Left foot, right foot. I started to sing the words to myself with each step. Growing confident, I accented their rhythm with my ice ax and trekking pole: ice ax, left foot, walking pole, right foot. As long as I sustained the rhythm, I was succeeding. An interruption meant that I had misstepped or maybe slipped.
Or that Casey was taking a photo. At 4:30, the sun began to rise, making visible the scenery through which we slogged. Don’t get me wrong: It was spectacular. Mountain ranges hemmed the horizon; and blue ice peeked through the snow, as though the glacier were keeping an eye on us. But as the day brightened, the scenery became an outright nuisance. We had planned to stop every hour to rehydrate and replenish, but Casey asked us to stop every 20 or 30 minutes so he could take photos.
The previous night, I had chosen “tranquility” as my sixth card. Maybe I should have put it first. We had been climbing for hours, and the summit hardly seemed any closer. The glacier hid its size in flats and folds. Because of the foreshortening effect, each step forward seemed to place us further from the top. Hikers who had passed us in the darkness were now fleas on the summit’s scalp. And every scenic pass slowed us even further as we waited for Casey to photograph it.
I was cranky, in part, because my right hip and left ankle both ached. I was used to expending my energy in 60-minute bursts at the gym. But here I meted it out over hours, one step at a time. As my impatience grew, it became more difficult to concentrate on my footsteps.

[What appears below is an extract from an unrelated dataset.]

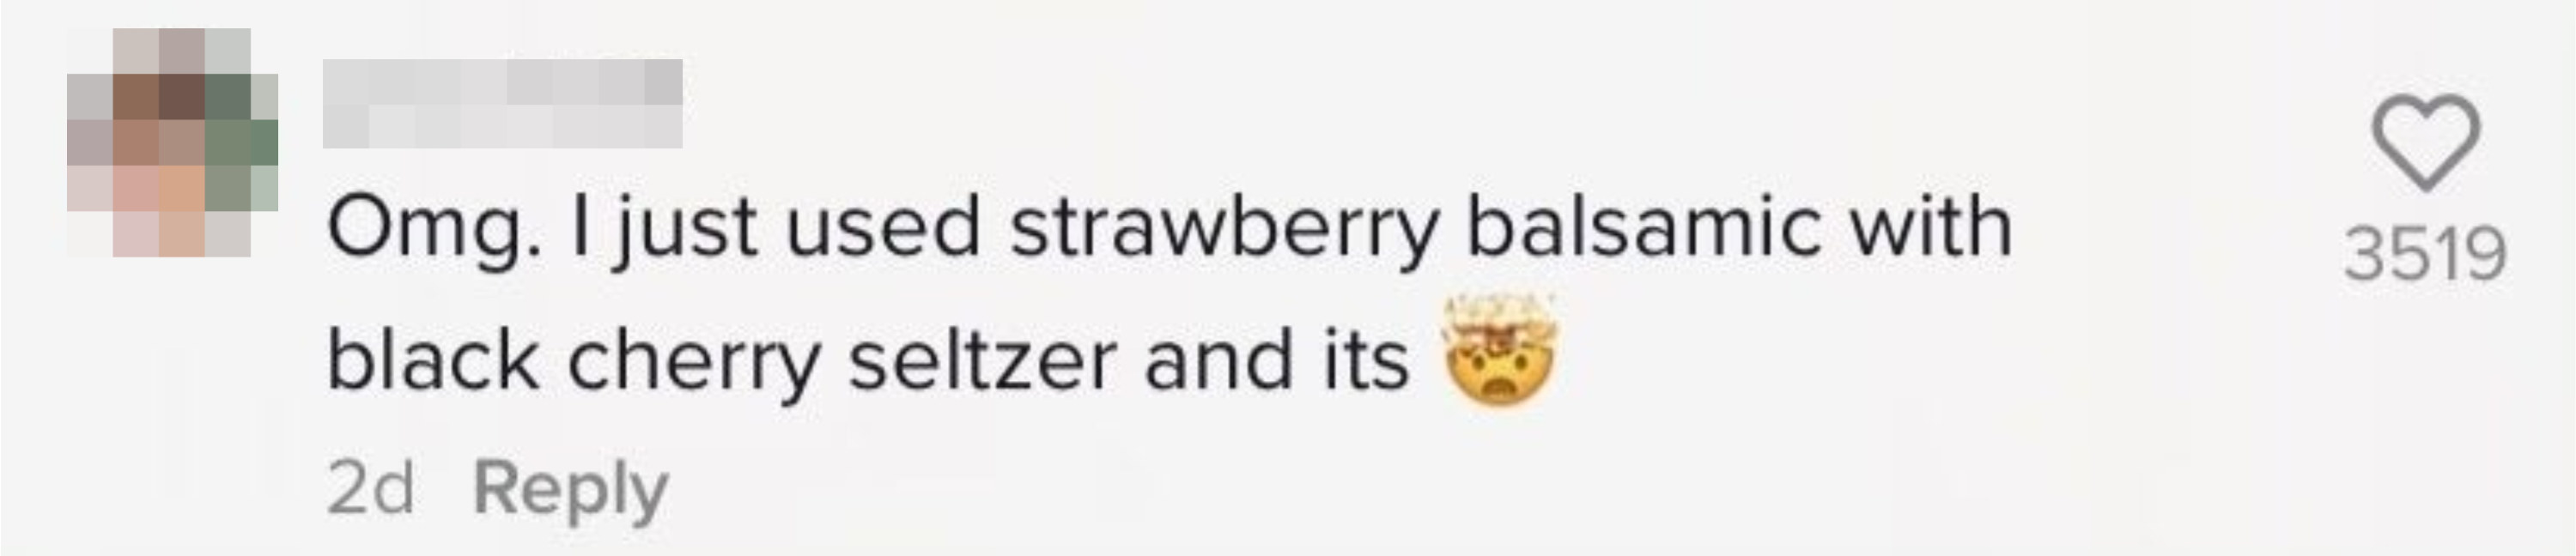 Another person said &quot;Omg; I just used strawberry balsamic with black cherry seltzer and its [head exploding emoji]&quot;
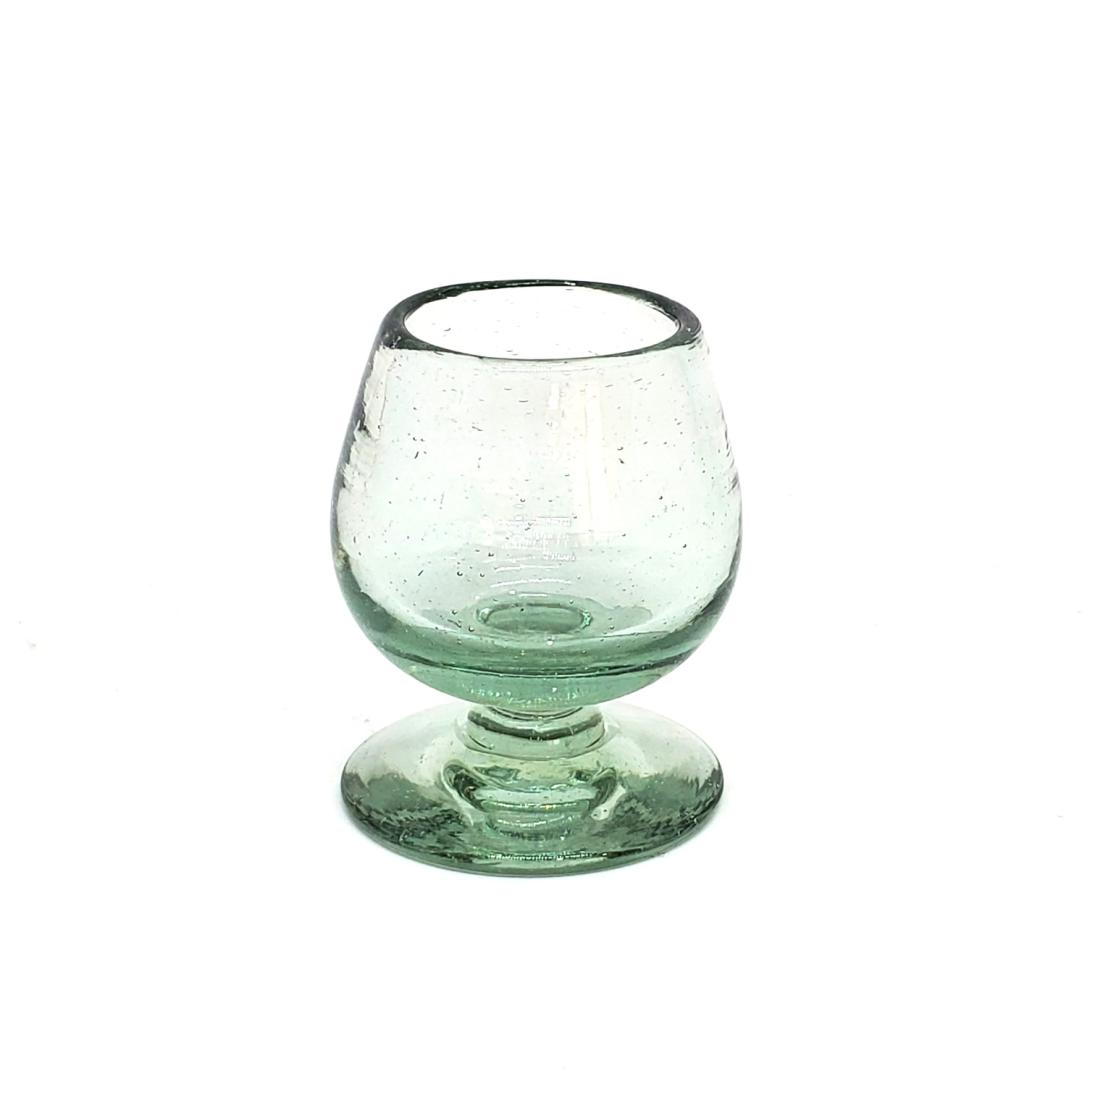 Wholesale Clear Glassware / Clear 2.5 oz Tequila Sippers   / Sip your favourite tequila or mezcal with these iconic clear handcrafted sipping glasses. You may also serve lemon juice or other chasers.

Still, there was nothing to do but keep walking. Around 7 a.m., the air sharpened with a sulfurous stench. The stink was so pure that it was almost refreshing. It meant we were near the crater.
But the crater was not, as I had imagined, the summit. It was at 9,800 feet—still another 1,000 feet to go. We rested on its lip in the crumbling, yellow dirt. A plume of steam rose behind us. It was 7:30 a.m.—the time at which we had hoped to reach the summit. “We’re doing fine,” Larry reassured us. Then it was time for the final push.
“Casey, we’re gonna stop with the shots until we reach the summit,” Matt said.
We fastened our ropes and set off at a 45-degree angle across the face of the final slope. When we reached the far edge, we switched back. It was only a few hundred more feet, but it took us ages to traverse it. Then we walked across a long flat and up a small slope to the summit: 10,781 feet.
It was 9:20. We exchanged the comprehensive gesture of manly congratulations: a hand slap into a handshake into a chest bump into a hug. “This is the hardest thing I’ve ever done,” Casey said. It would be even harder on the way back down. If any of Cheever’s “mysterious rites of virility” survived, maybe it was just this: exertion and exhaustion, the reduction of conscience to a few repeated movements performed in tandem with other men.
I had my notebook, but the pages from the summit are barren. The first day, at the campsite, Portland John asked me, “What’s your hook?” Then he suggested one in jest: “As I gripped the rock, I looked back on the steps that led me here.”
Prior to the trip, I had actually imagined words along those lines. But now that I had reached the summit, I had no energy for reflection. It was not a vantage point on life (or on manhood). It was something better: a place to rest my legs.